Tuesday, December 16, 2014


I motivated myself yesterday with the promise of a full day of fishing today to celebrate the weight lifted from my shoulders with the submission of a large assignment.  When my alarm went off (or rather, didn't), it was already apparent that the day would not go as planned.

    My alarm failed to ring at its preset time of 6:00 AM, and I awoke on my own at almost 7:00.  I promised my parents I would pick up a deck board from Better Living, and had hoped to be there when they opened at 7:00.  Rather, I arrived close to 8:00, and returned home at 8:30.  

    With the car packed and warmed up, I shut the hatchback of my Nissan Versa on the metal aglet of my wading boot lace, jamming the lock, and setting me back another hour.
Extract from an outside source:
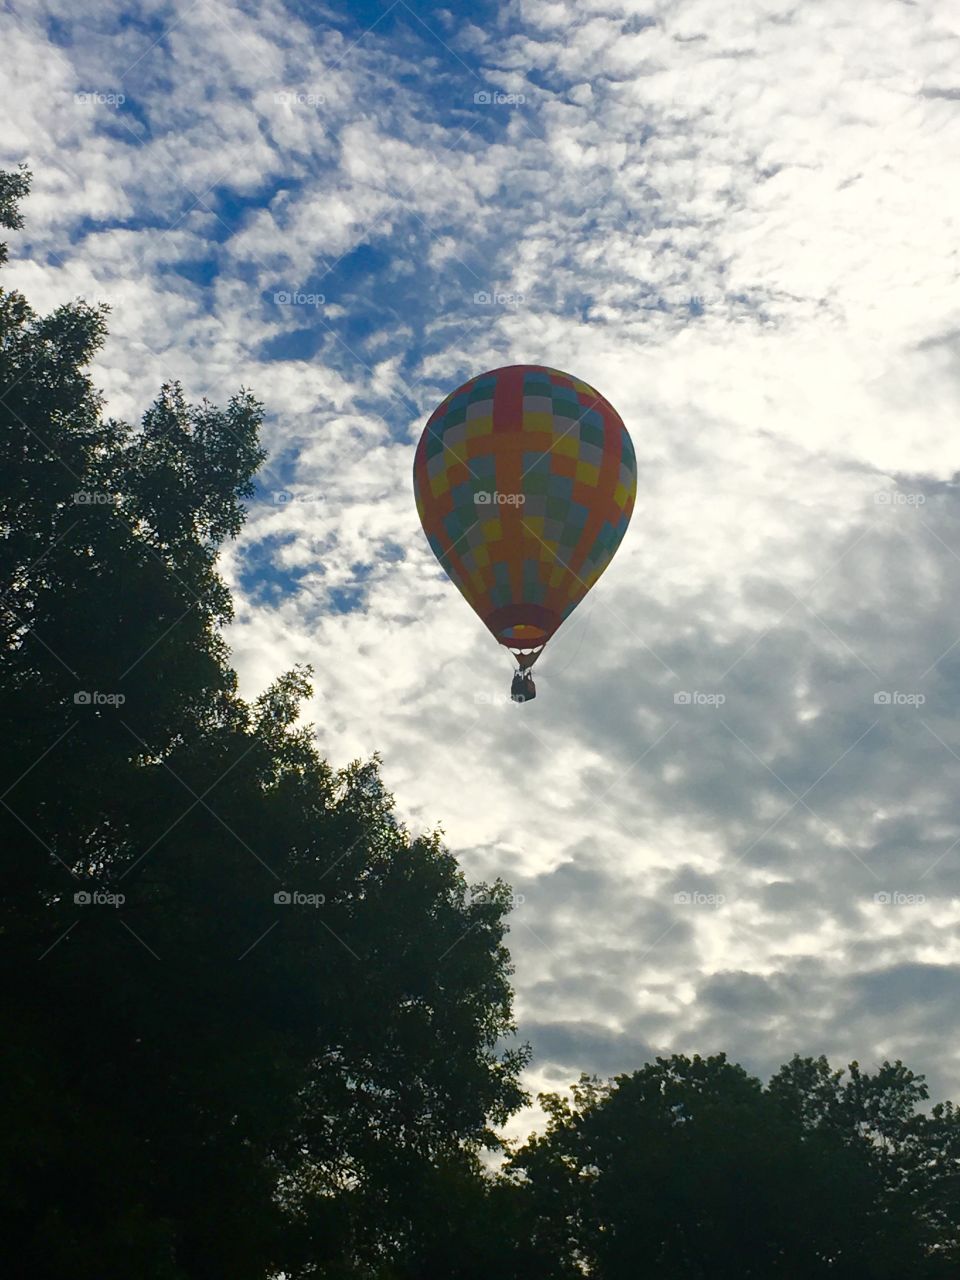 Morning balloon ride
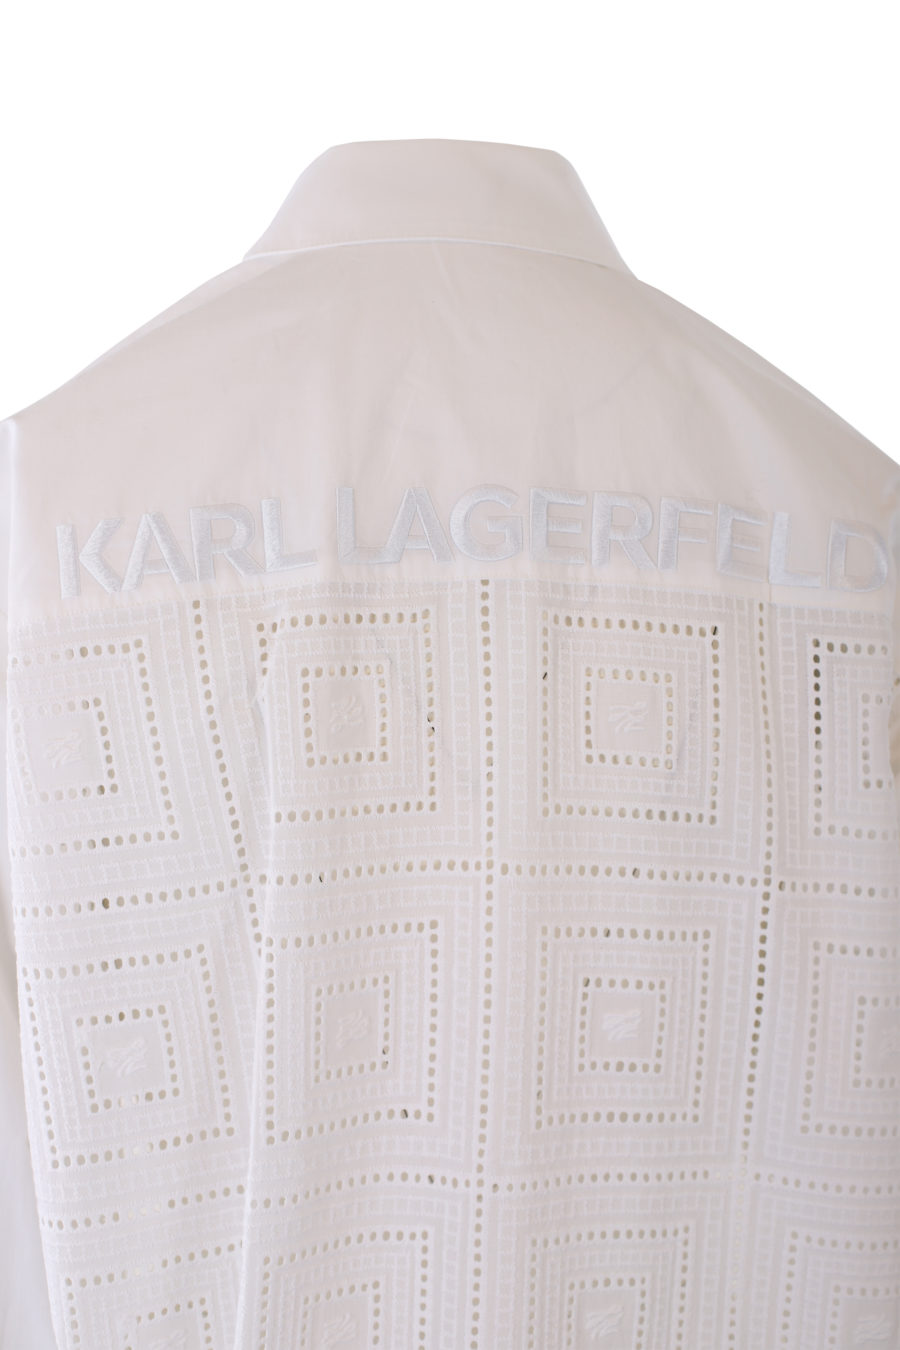 Camisa blanca larga con logo y detalles bordados - IMG 1248

    The destination I had planned to explore with my full day is a two hour drive from my Fluvanna County home, and so I racked my brain for alternative locations with a shorter driving time.  I settled my mind on a handful of brook trout streams I had not yet visited in northwestern Virginia, and oriented the Versa likewise.

    I arrived at the first stream around noon.  Large for a brook trout stream, and rather flat in most stretches, the water was notably frigid.  However, many of the larger pools featured long, flat tailouts, which will undoubtedly host a glorious scene of hatching insects and rising trout come spring.

Photo by Matt Reilly
    After striking out in several shallow but promising-looking riffles, I adjusted to fishing just larger pools, and took four decently-sized brook trout with that method.  A heavy #10 black stonefly nymph got the job done, though most of the trout were hooked very lightly--a reflection, probably, of the colder-than-desired water temperatures.

    I next took to the road, heading north, to scout one of the stream's larger tributaries.  A developing problem since trading in my F-150 for the economic Versa has been ground clearance, but I have been dealing well, partially due to the car's narrower frame.  An 11-minute zig-zagged drive along a curvy mountain road landed me on the bank of the mountain fork I was after.

Photo by Matt Reilly

Photo by Matt Reilly
    Again, occasional surprisingly-large pools spotted the stream's course through pine bottomland; but I didn't see enough slower, deeper holding water to convince me to string up my rod and angle for the winterized brookies.  I continued on.

    The last spot surprised me.  Often called a "small native trout stream," it held some unexpectedly-large pools, however infrequent.  The water in between was nothing more than a series of shallow stair-casing ledges, with the occasional deeper plunge pools.  I fished a few of the larger pools before striking off along a trail upstream, in search of better looking water.  I didn't find it, and I later found in a fishing report of the same stream that it commonly dries up completely in the summertime.  Perhaps this drought event has limited the number of fish in this otherwise-productive looking flowage.

Photo by Matt Reilly
    Though the day didn't go as planned, I had a liberating day checking off a few more of the Blue Ridge's brook trout streams from my bucket list.  On the route home, I payed a visit to Tommy and Kevin, co-owners of South River Fly Shop, for some fly tying materials, and good-old-fashioned fly shop talk.